Our Gospel, Luke 18:1-8, amazes, evoking more than a single sermon needs when it speaks of our “need” to pray, and “not to lose heart.” Simply own that our people, preachers included, lose heart in praying, and in living. The need to pray? Isaac Bashevis Singer said “I only pray when I am in trouble. The problem is, I am in trouble all the time.”
Our text is obviously not allegory (as St. Augustine pointed out) – or else God is the judge who says “I have no respect for anybody” and gets sick and tired of her bugging him. Of course, there is a bit of a theological wink in pondering God as the unjust judge. God isn’t fair. The courtroom is rigged, for the judge is also the defense attorney, not to mention the victim who will bear the penalty.

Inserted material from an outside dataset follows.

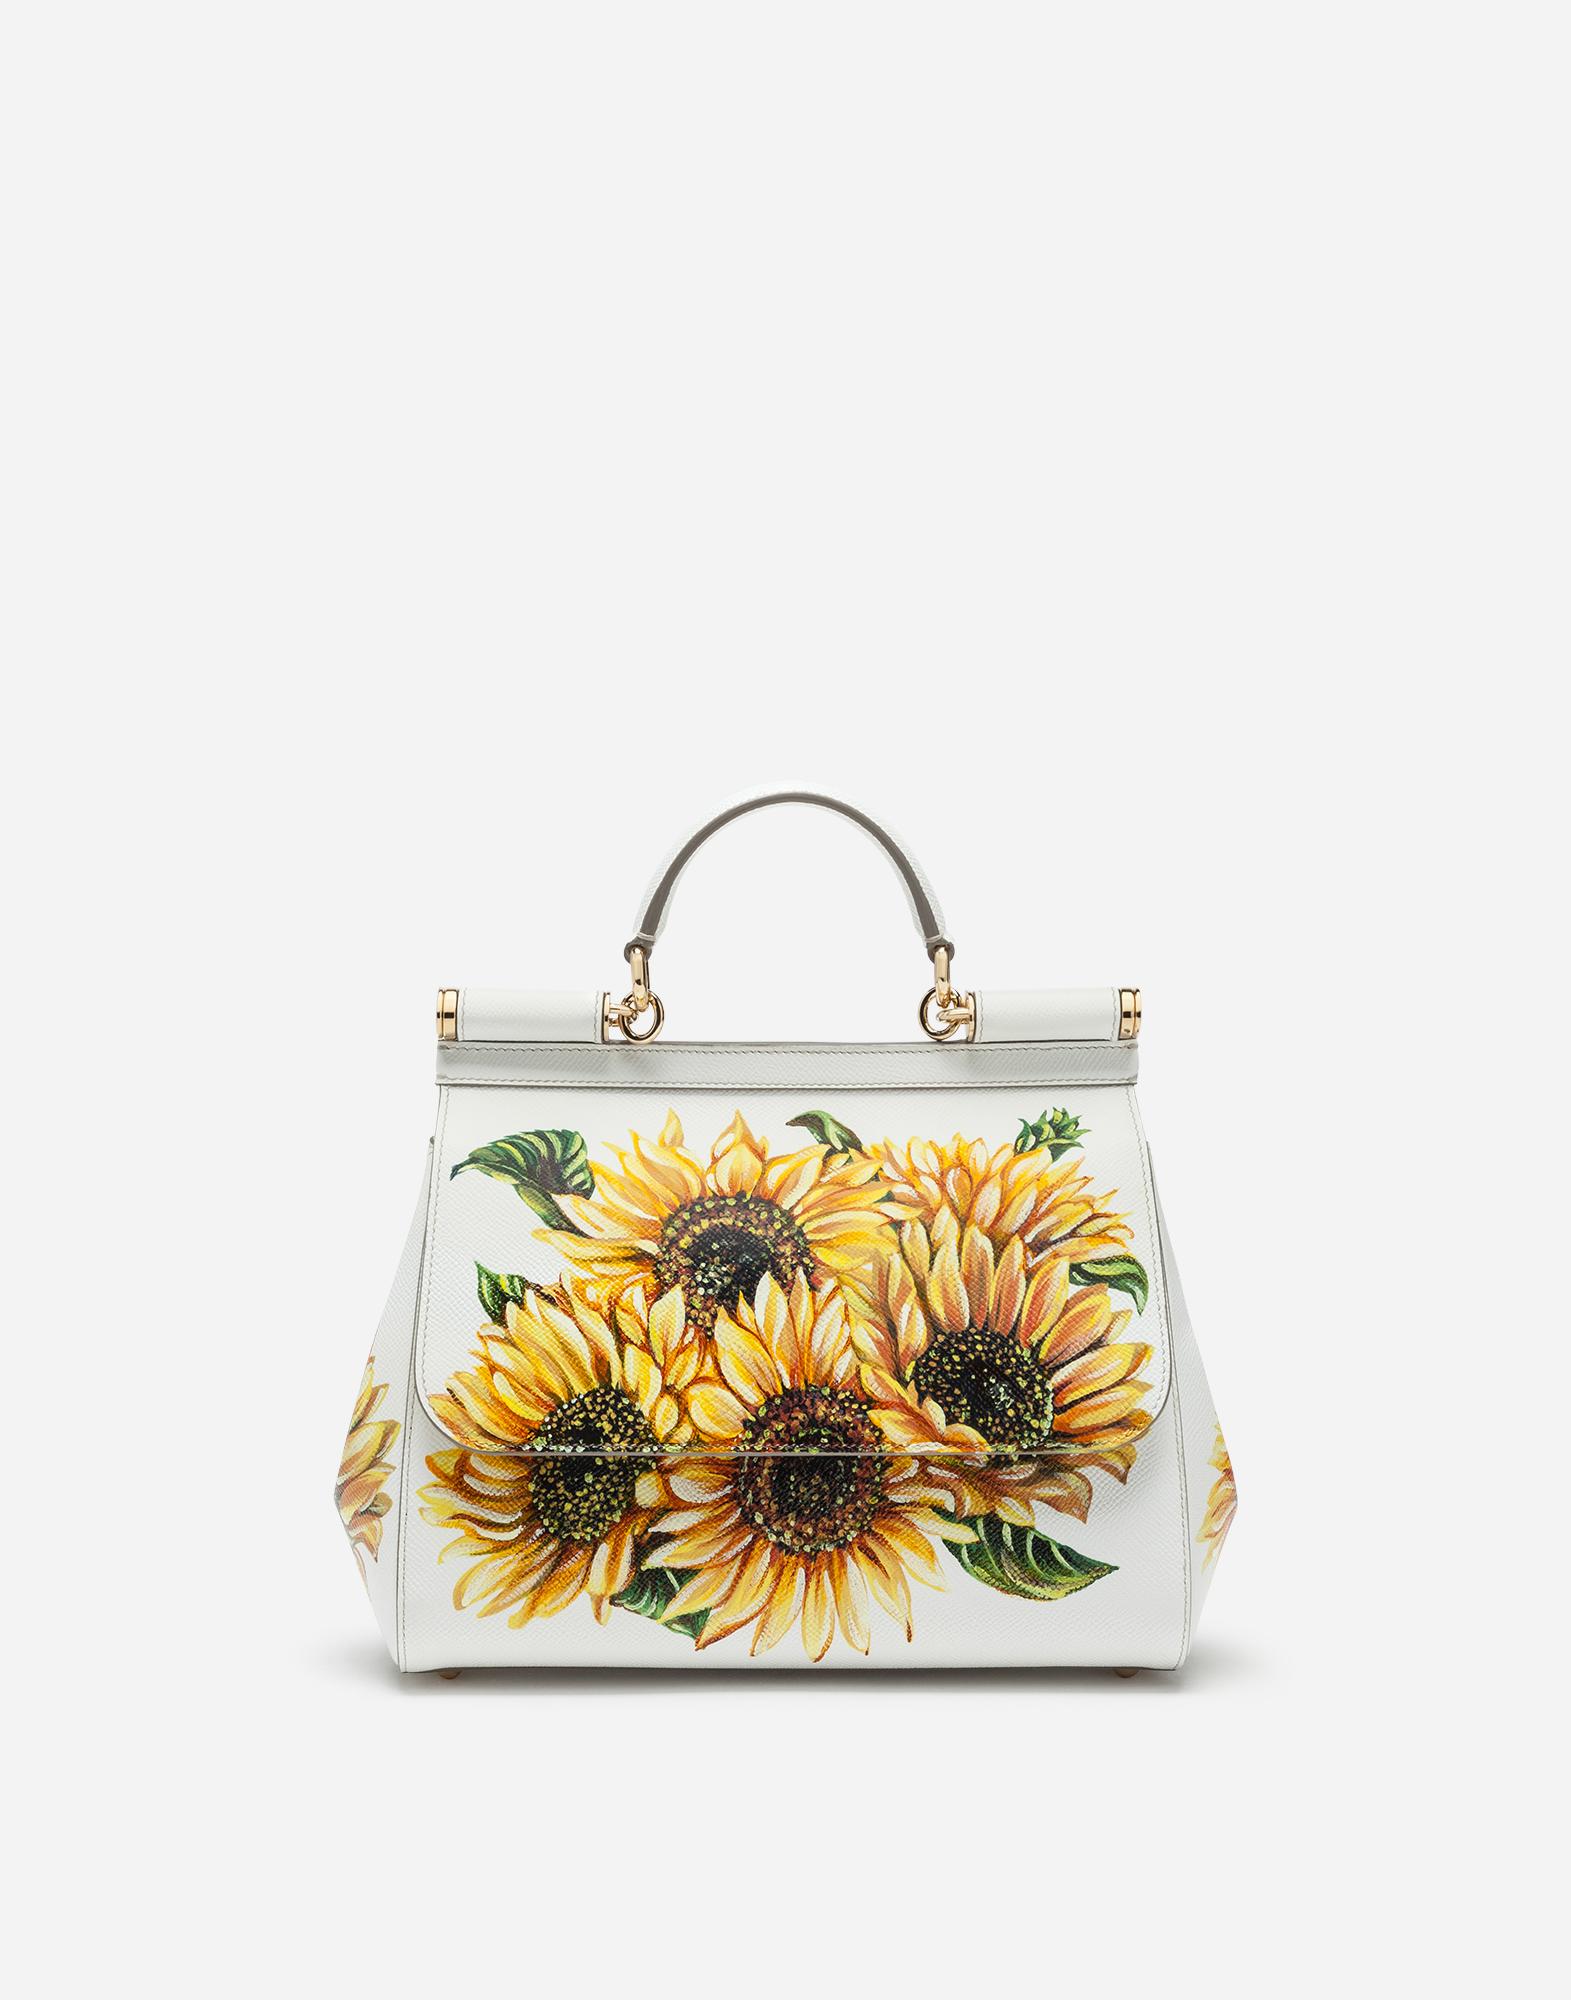 Dolce & Gabbana Medium Sicily Bag In Sunflower-Print Dauphine Calfskin In Floral Print
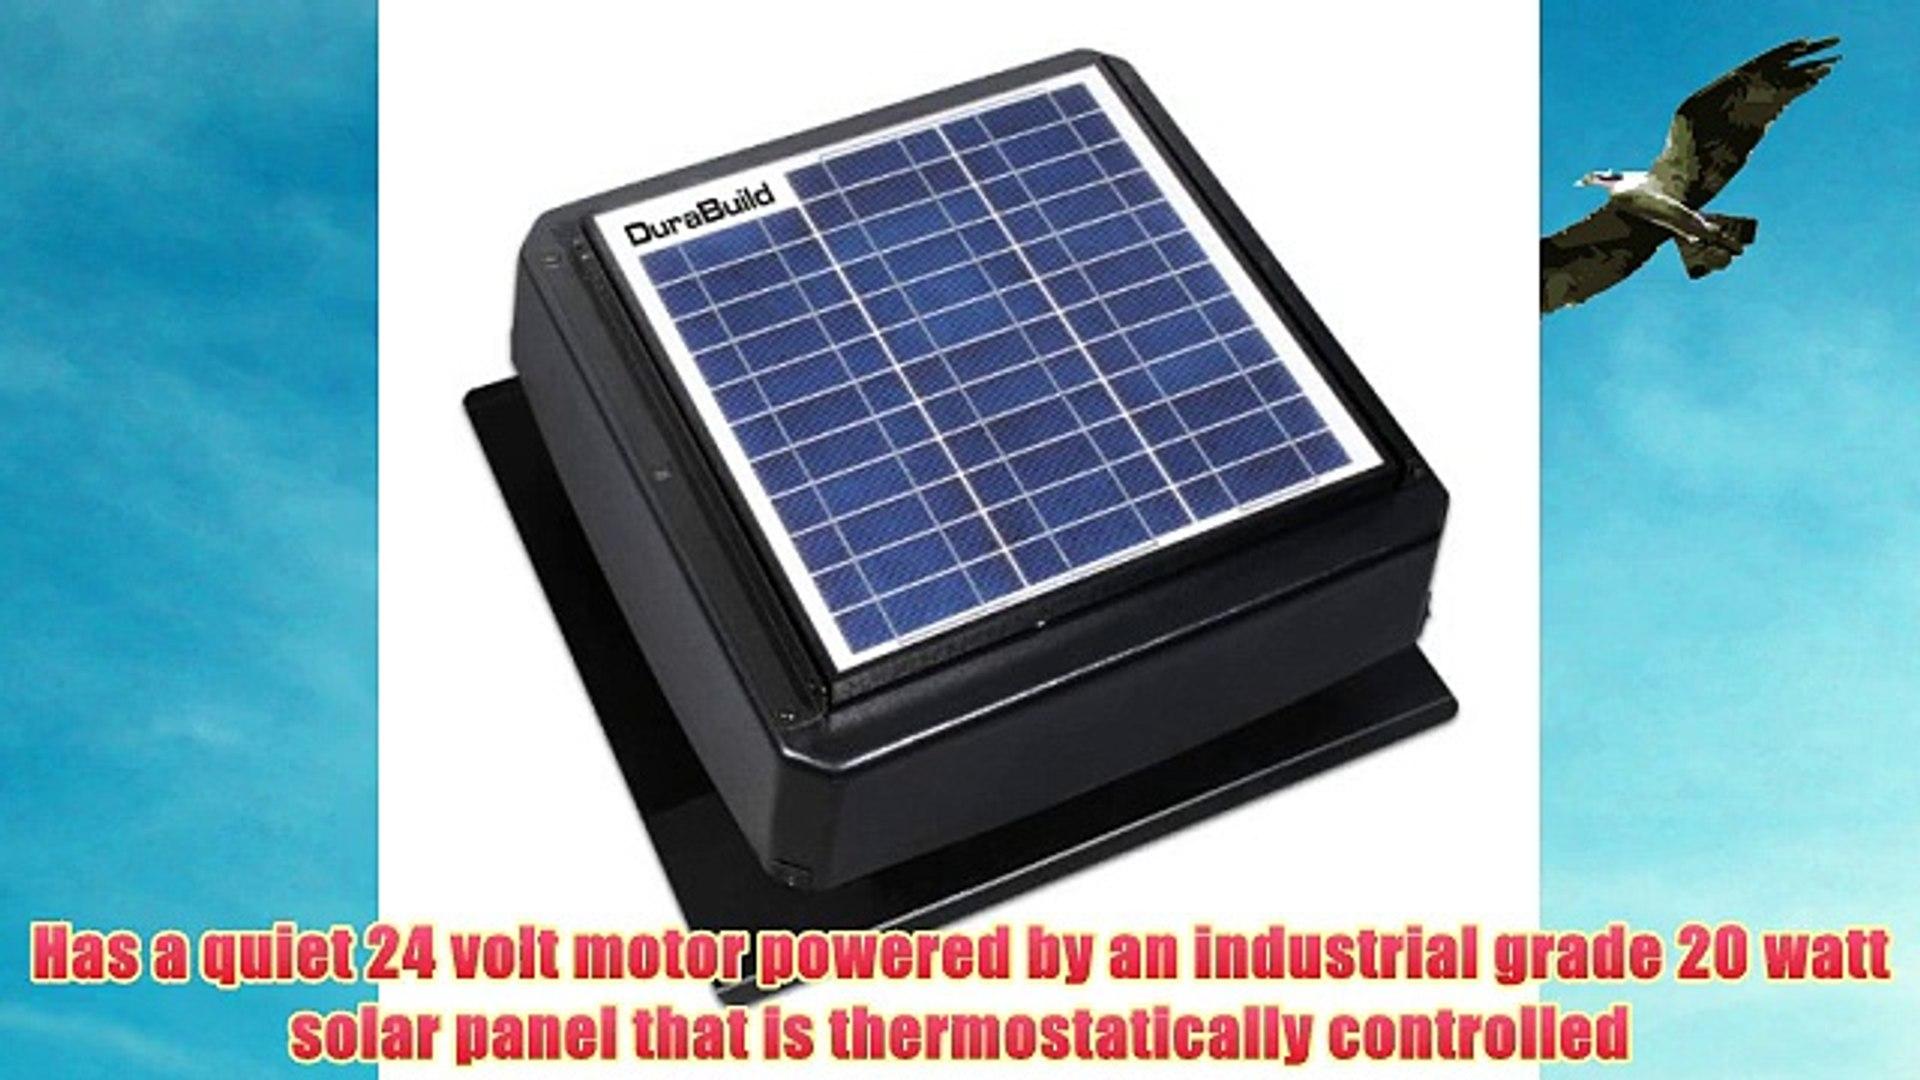 Durabuild 527S-DUB-106-BLK Roof Mount Solar Powered Attic Fan 20-watt

God will grant justice though. The languages behind our text intrigue me. It’s not that God “grants” justice, so much as God “does” justice: the Greek is poiēsē. Our minds flit, rightly, to Micah 6:8, where we learn that God desire that we too do justice (the Hebrew Jesus would have had in mind was mishpat). In my book on Micah 6:8: “It seems that God does not merely want us to want justice, or to wish justice would happen. God doesn’t say ‘Think about justice’ or ‘Campaign for justice’ or even ‘Pray for justice.’ Justice reveals what is in the heart of God. Mishpat is God’s dream for a special kind of community… A thumbnail summary of what mishpat justice is about in Israel would be this: justice is when the poorest are cared for. A just society is not necessarily the one where fairness reigns and the diligent are rewarded. A just society is the one where everyone belongs, where the neediest are taken good care of, where no one is hungry or disenfranchised. Walter Brueggemann suggests that justice requires us ‘to sort out what belongs to whom and return it to them.’” It’s all God’s – and so the Haitian proverb applies: “God gives, but God doesn’t share.”
Fitzmyer leans toward “vindication” (or even “vengeance”) for ekdikēsin. The widow has been wronged, and God will vindicate her, and all who have been wronged. Paul told the Romans, “Never avenge yourself, for vengeance (ekdikēsin) is mine” (12:19). We’re glad – but then the counter-question in v. 8 is haunting: Yet will Son of Man find faith on earth?